How much smaller is uncertain and depends in part on how much of the nation, and the world, becomes vaccinated and how the coronavirus evolves. It is already clear, however, that the virus is changing too quickly, new variants are spreading too easily and vaccination is proceeding too slowly for herd immunity to be within reach anytime soon.

The piece goes on to note that the current estimated threshold of vaccinations to achieve something like herd immunity is ~80% of Americans. This is in an unlikely result.

Indeed, getting 80% of the country to do anything is a massive task, but this particular goal was clearly made nearly impossible by the politicization of public health over the life of the pandemic. (Which continues via media figures like Joe Rogan and Tucker Carlson).

Polls show that about 30 percent of the U.S. population is still reluctant to be vaccinated. That number is expected to improve but probably not enough.

The geographic distribution of the unvaccinated also matters (which can be linked to politics as well):

“Disease transmission is local,” Dr. Lipsitch noted.

“If the coverage is 95 percent in the United States as a whole, but 70 percent in some small town, the virus doesn’t care,” he explained. “It will make its way around the small town.”

The goal remains to vaccinate as many persons as possible and to manage the disease going forward.

I recommend the whole piece.

FILED UNDER: US Politics, , , , , ,
Steven L. Taylor
About Steven L. Taylor
Steven L. Taylor is a Professor of Political Science and a College of Arts and Sciences Dean. His main areas of expertise include parties, elections, and the institutional design of democracies.
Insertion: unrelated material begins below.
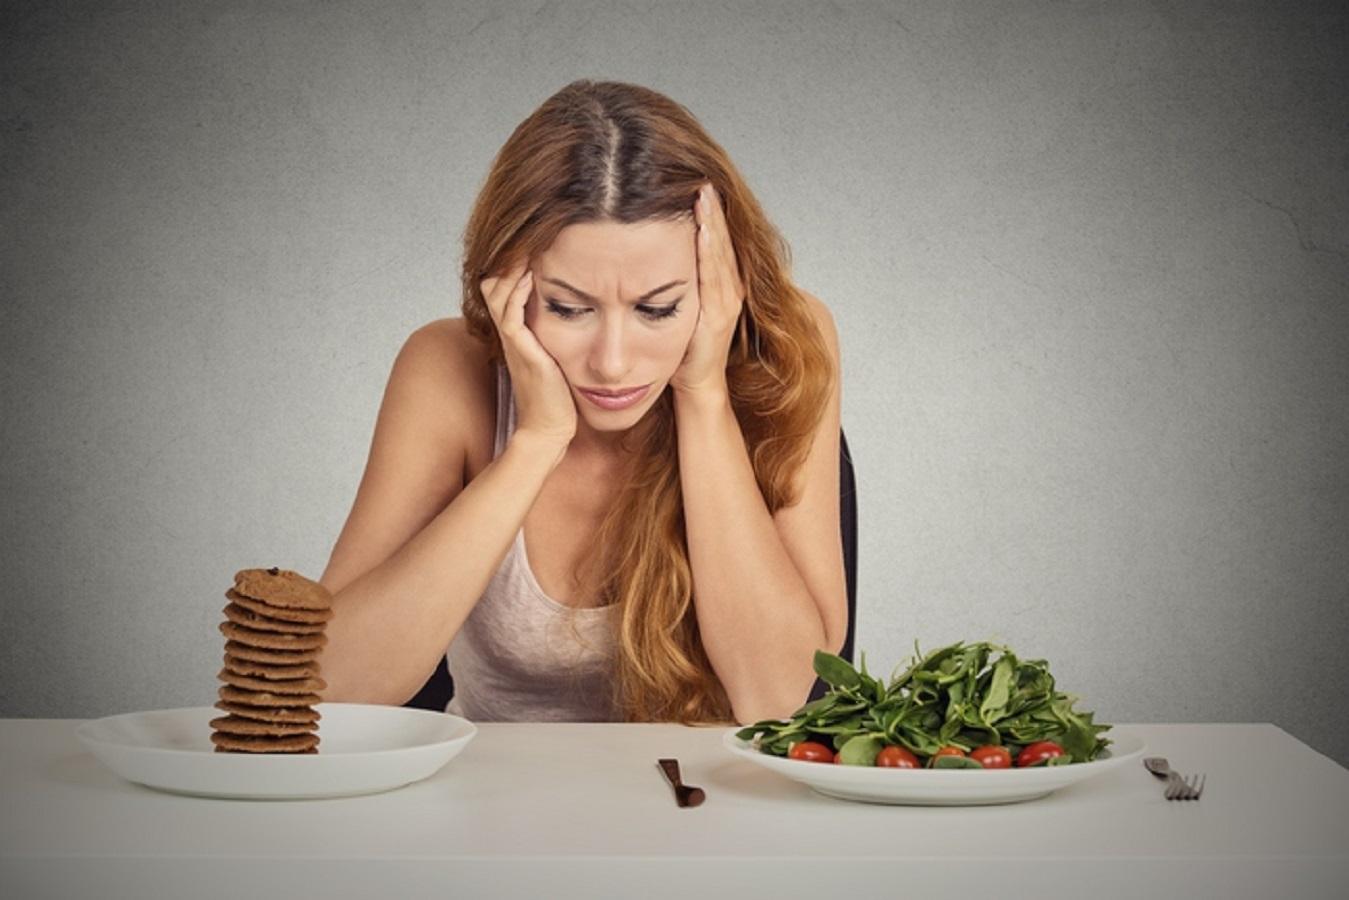 dimagrire-dieta-senza-carboidrati

His most recent book is the co-authored A Different Democracy: American Government in a 31-Country Perspective. He earned his Ph.D. from the University of Texas and his BA from the University of California, Irvine. He has been blogging since 2003 (originally at the now defunct Poliblog). Follow Steven on Twitter

Comments

  1. Scott says:

    We were never going to reach a theoretical herd immunity. Even if 80% is the magic number (and we really don’t know what the real number is but only a possible range), about 22-23%of Americans are under 16 and are not eligible to get a vaccine anyway. Add in numbers of people who cannot for medical reasons get a vaccine and those who are just stupid (a large % of Americans), the goal was clear to me a long time ago that herd immunity was not within reach.

  2. KM says:

    COVID is never going away – Trump and his ilk saw to that. This is the new normal now and we’ve got a new perennial disease to make life more complicated and miserable worldwide. At best we can do whatever we can to make sure to protect everyone who’s willing and let it burn through the ignorant, praying it won’t mutate enough to kill the rest of us. At worst we watch a chunk of humanity die off that didn’t have to so stupid people can be free to be stupid. There’s only so many mutations something like COVID can go through and remain genetically viable so eventually we’ll get to a stable point….. but not any time soon and possibly not even in our lifetimes.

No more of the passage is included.